You’re making six digits and have the designer wardrobe and trendy apartment to show for it. You’re owning your corporate game with a CV that would make any recruiter salivate.
You date endlessly, but the outcome is always the same: a handful of dates that seldom progress past the exchange of formalities. You’re ready for a real relationship and you’re craving an authentic, deep connection.
This should be easy. After all, you are independent. You are empowered. You are a catch.
So why then, are you still single?
First, let’s make it clear. There is nothing wrong with being single. You can be a total catch and choose not to be in a relationship. If so, this article is not intended for you. But if you do want a relationship and can’t seem to figure out why you can’t get past date two, then read on.
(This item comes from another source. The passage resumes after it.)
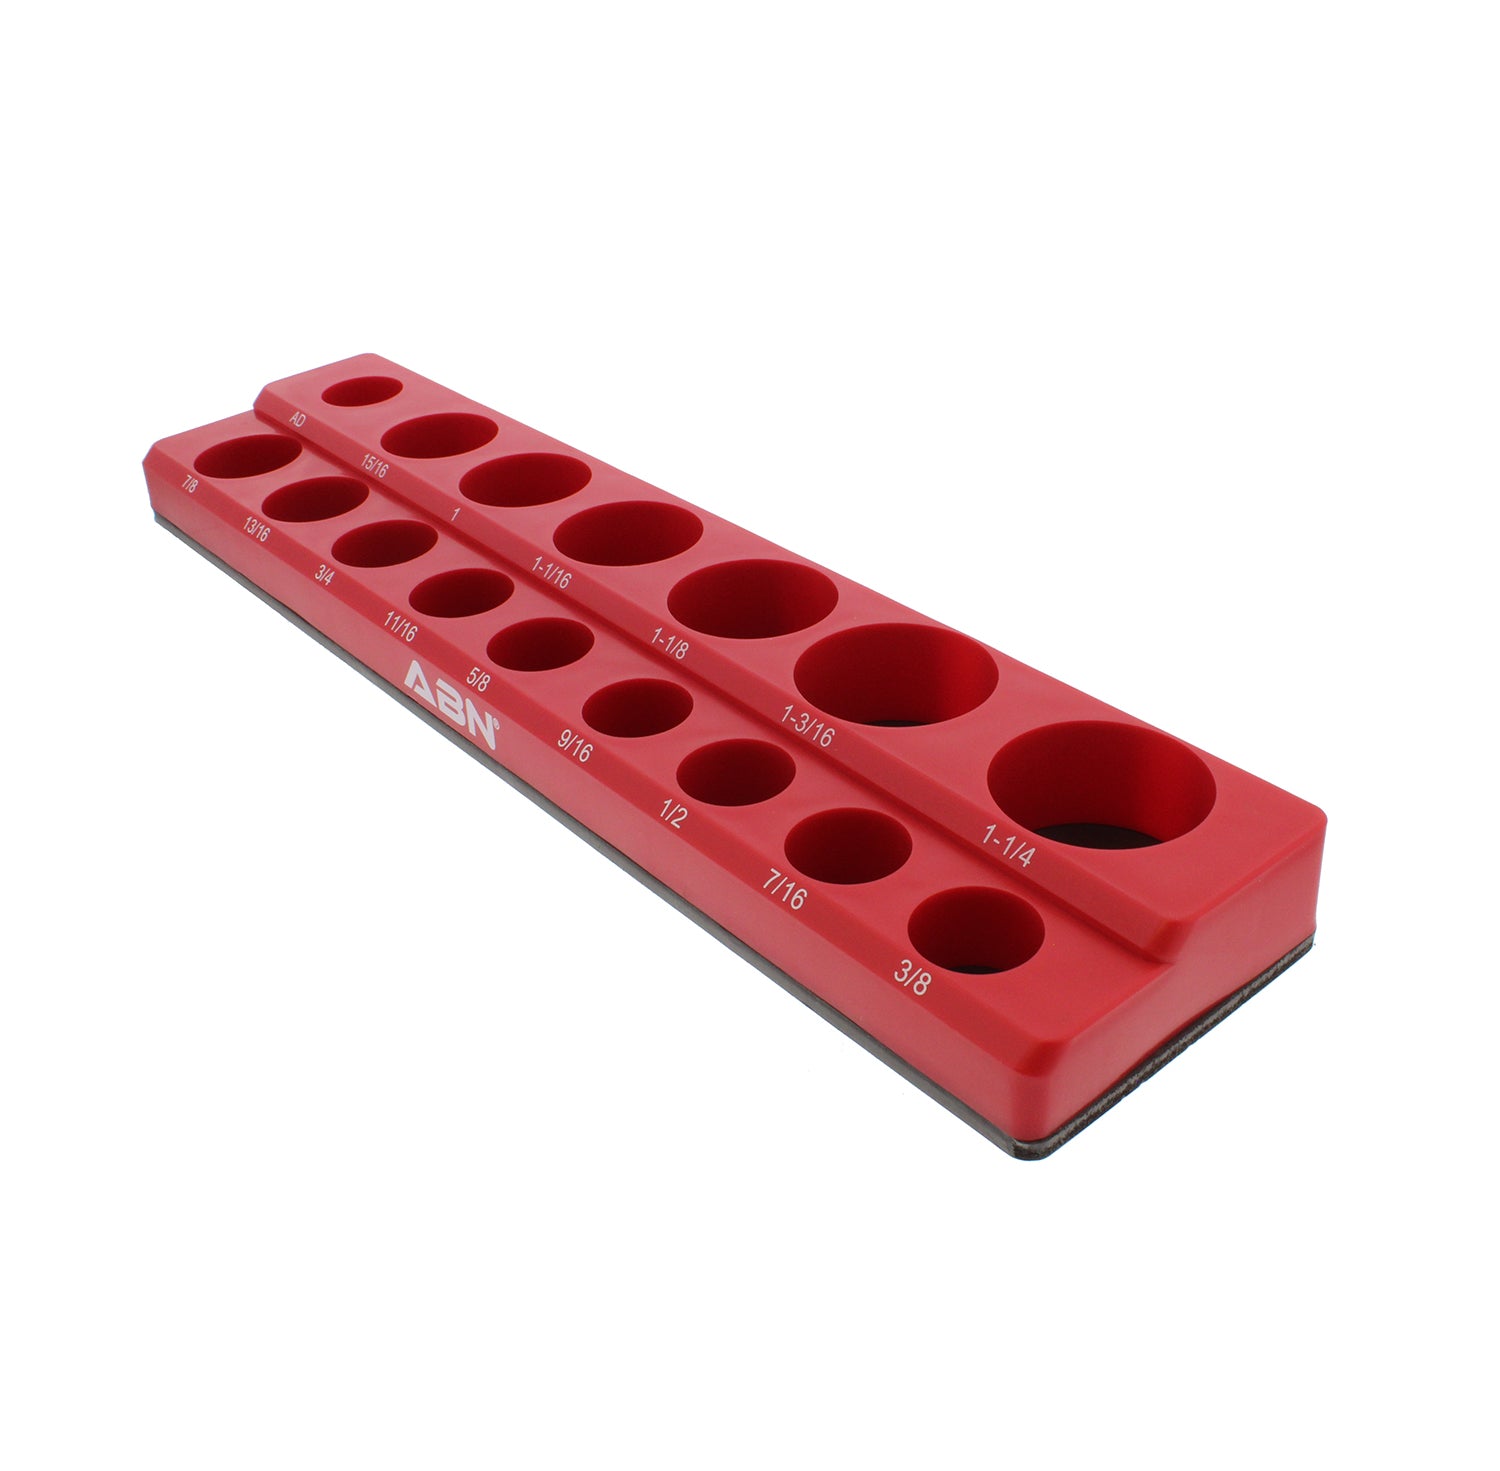 Magnetic Socket Organizer Tray – SAE 1/2” Inch 16 Socket Holder, Red

First, let’s explore a theory on feminine and masculine energy, and how opposite energies attract.
Everyone possesses masculine energy and feminine energy and we fluctuate between both. However, there is one sphere that predominates. This energy is not determined by your sex or sexual orientation. Rather, it is determined by examining what our deep-rooted desires and needs are.
According to relationship expert Dr. Pat Allan, masculine energy dominant individuals want to be respected, to lead, and to take charge. They typically lead with their brain versus their emotions. They are the aggressors and the initiator in a romantic dynamic. Typically, masculine energy individuals are providers and protectors.
On the other side, feminine energy dominant individuals lead with their heart first. They feel that their needs are met when their feelings and emotions are tended to. These individuals take on a more passive approach to relationship initiation. They are happy to “go with the flow” instead of having to pave the way.
As mentioned above, your energy is constantly fluctuating depending on context, circumstance and who surrounds you, but one sphere is more dominant.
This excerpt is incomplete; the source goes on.